__What you have to do__: Can the lines below, from the one that holds "Vanguard Furniture - Plain" to the very end, be echoed exactly, with both ends included and no pictures?

__Dataset extract__:

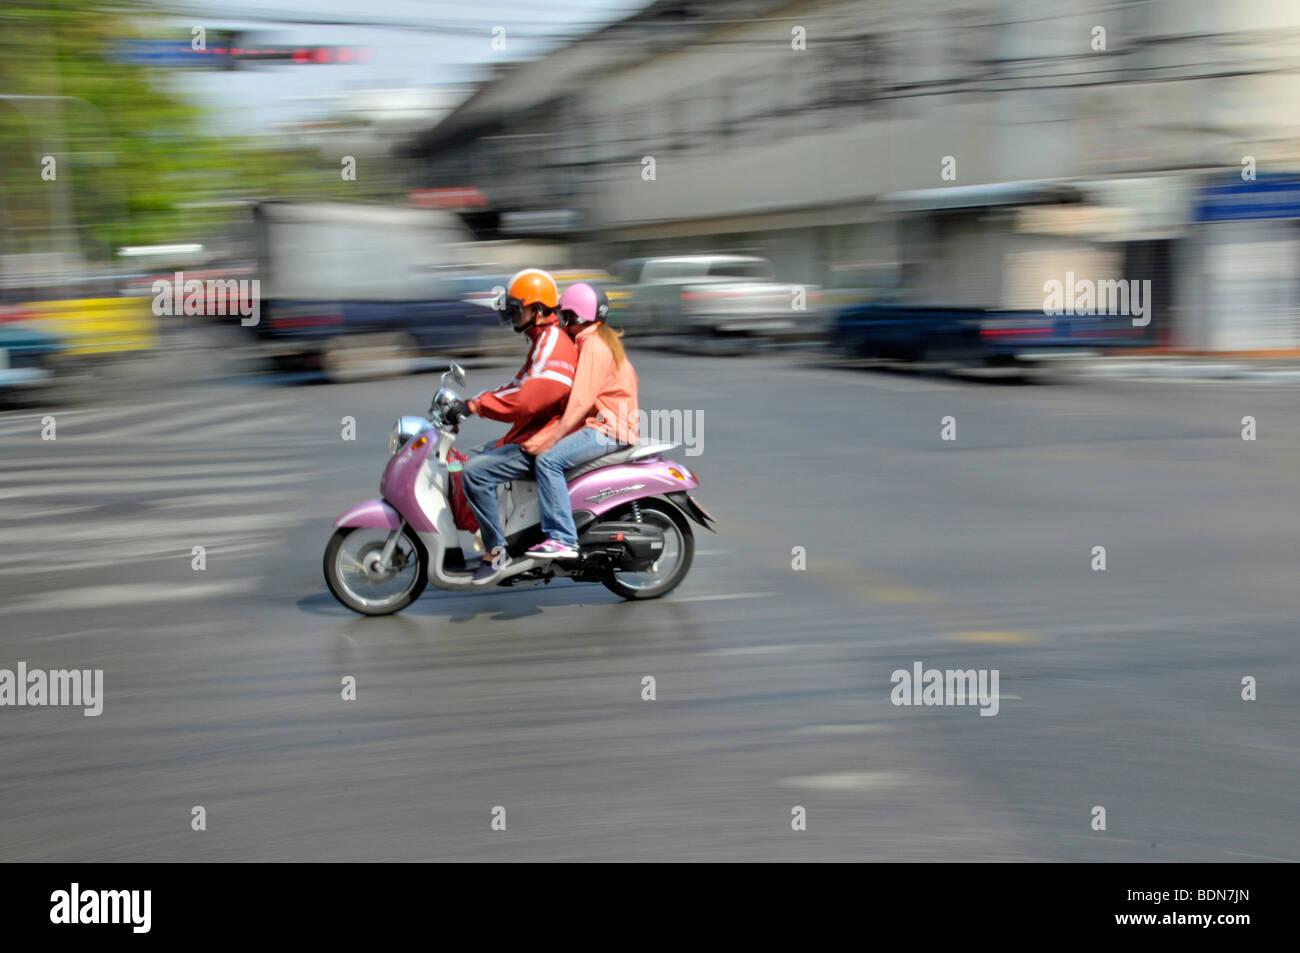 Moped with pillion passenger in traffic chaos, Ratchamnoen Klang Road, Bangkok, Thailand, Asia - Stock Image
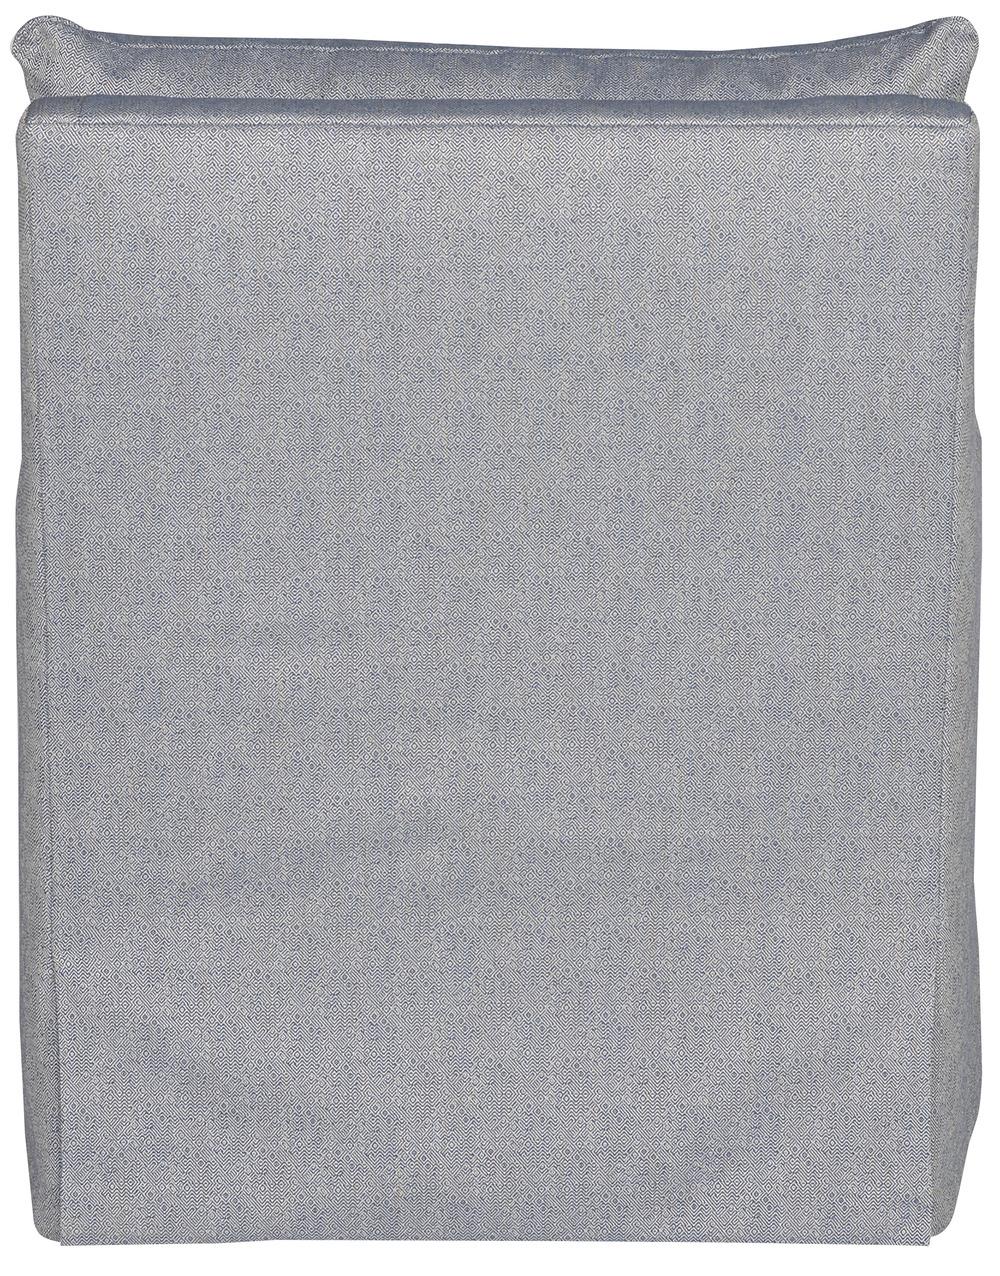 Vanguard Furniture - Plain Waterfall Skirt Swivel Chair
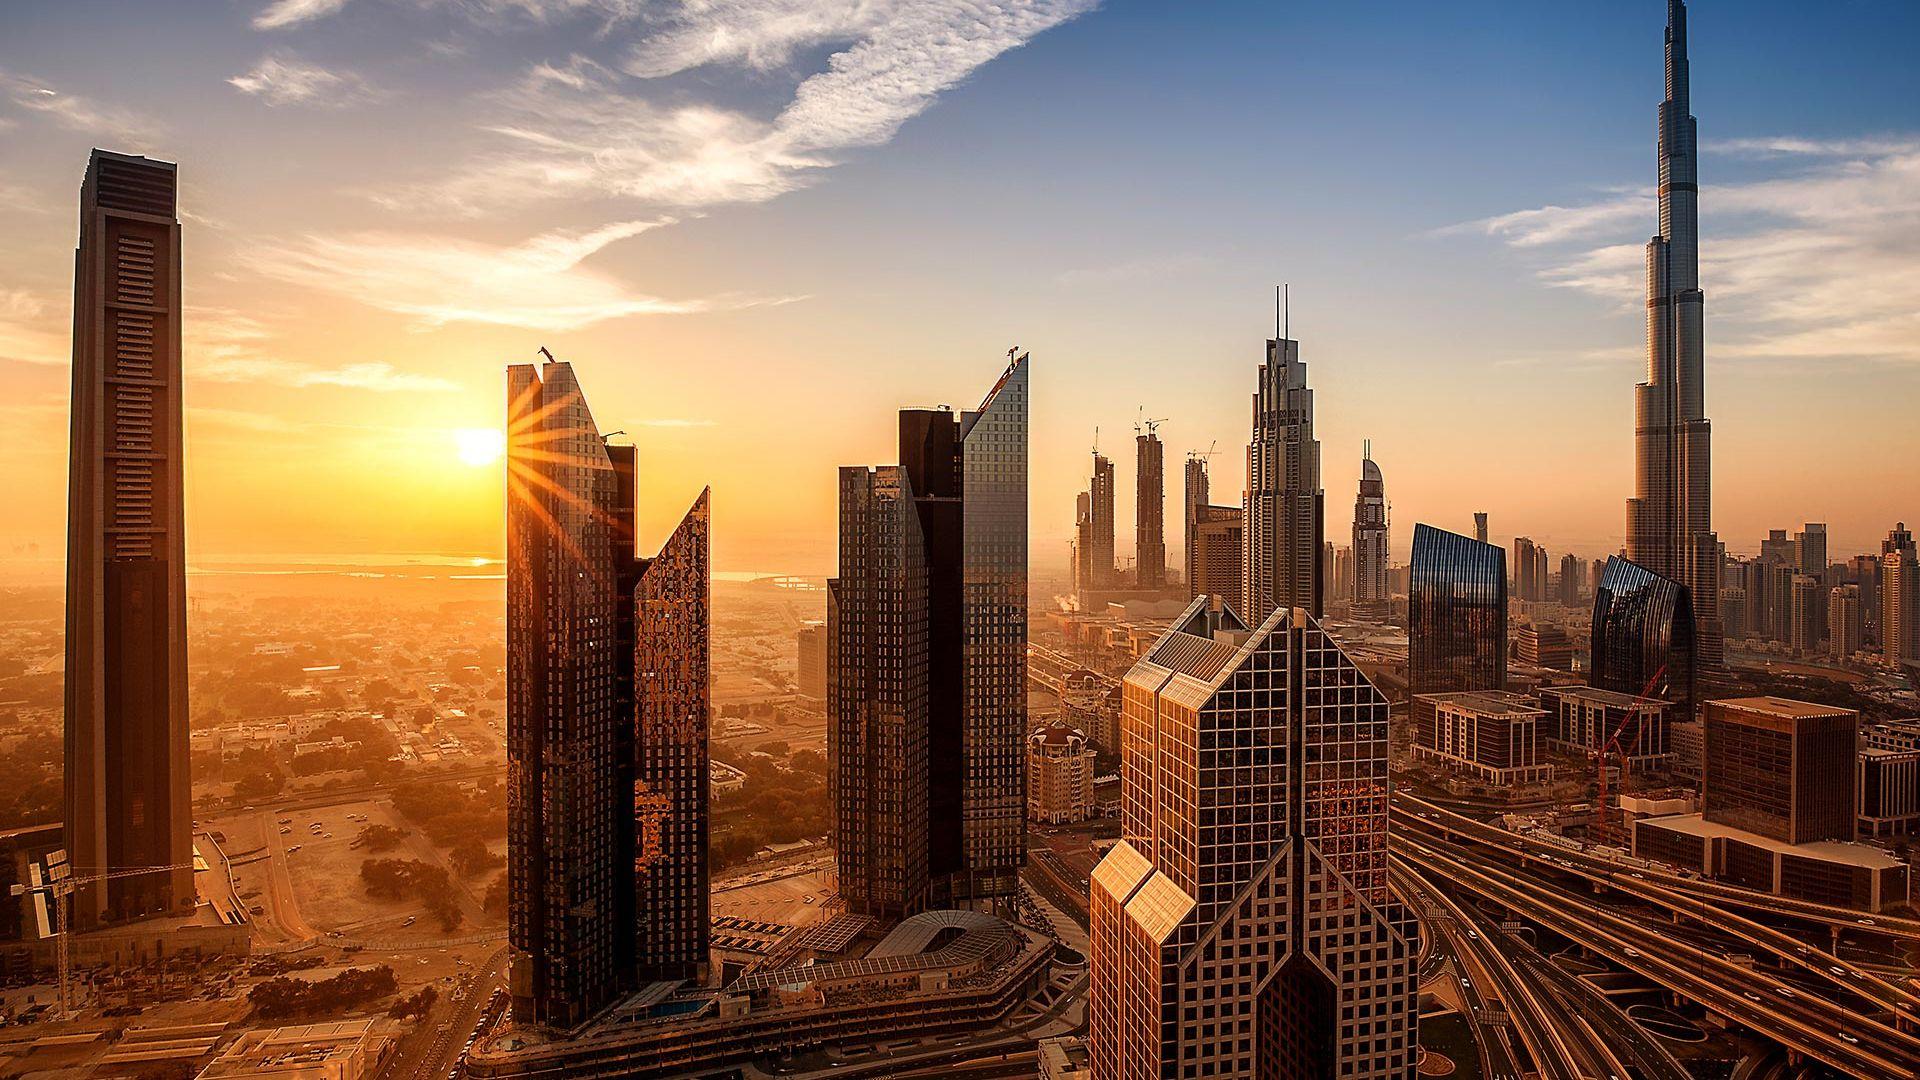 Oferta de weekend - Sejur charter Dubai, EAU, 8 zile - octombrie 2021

__Answer to this task__:
 Vanguard Furniture - Plain Waterfall Skirt Swivel Chair
 Oferta de weekend - Sejur charter Dubai, EAU, 8 zile - octombrie 2021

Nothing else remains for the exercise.